For the very first time, a rotor blade with bend-twist coupling was tested at Fraunhofer IWES´ rotor blade test rig. Although the setup for the rotor blade torsion test is similar to the scenario for static testing, it is in fact more complex as the additional deformation has to be measured precisely.
During the rotation of a large wind turbine with rotor blades 80 metres and longer, each rotor blade is intermittently positioned close to the ground and a short time later at a height of around 200 metres. Due to the uneven wind distribution between ground level and the top section of the wind turbine, rotor blades are subjected to strong fluctuations in wind load.
At the Center for Lightweight-Production-Technology (ZLP), located at the DLR site in Germany, scientists from the DLR Institute of Composite Structures and Adaptive Systems have produced a 20-metre-long rotor blade with structural bending torsion coupling. In doing so, the materials of the blade (glass-fibre reinforced plastic, wood and plastic foam) are placed in such a way that under wind load the blade not only bends backwards, but above all twists.
Rotor blades with bending torsion coupling are able to independently adapt their geometry to the wind conditions. At higher wind speeds the rotor blade twists, thus exposing less contact surface to the wind, which enables the load on the installation to be reduced.

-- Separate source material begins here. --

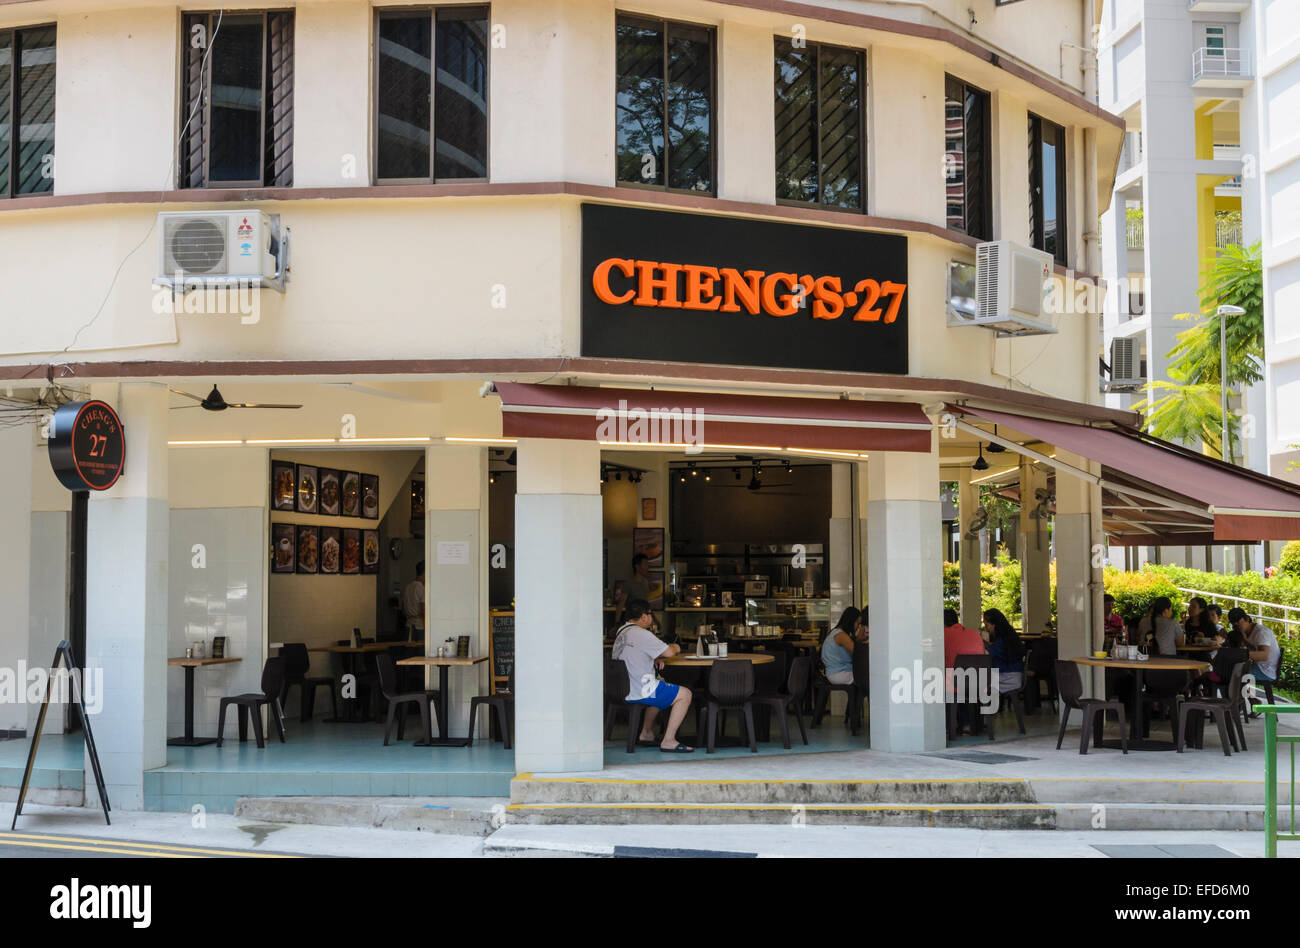 Cheng's 27, a popular Hainanese restaurant in Tiong Bahru Estate, Singapore Stock Photo

The aim of the accompanying measuring campaign is to determine whether the load reduction thanks to BTC seen in the simulation can be recreated under real-life conditions and whether its effect is as pronounced as expected. Within the coming year the scientists will produce a complete three-blade rotor with the same dimensions, which they will subject to open air wind turbine testing under realistic load and weather conditions at the US National Renewable Energy Laboratory (NREL).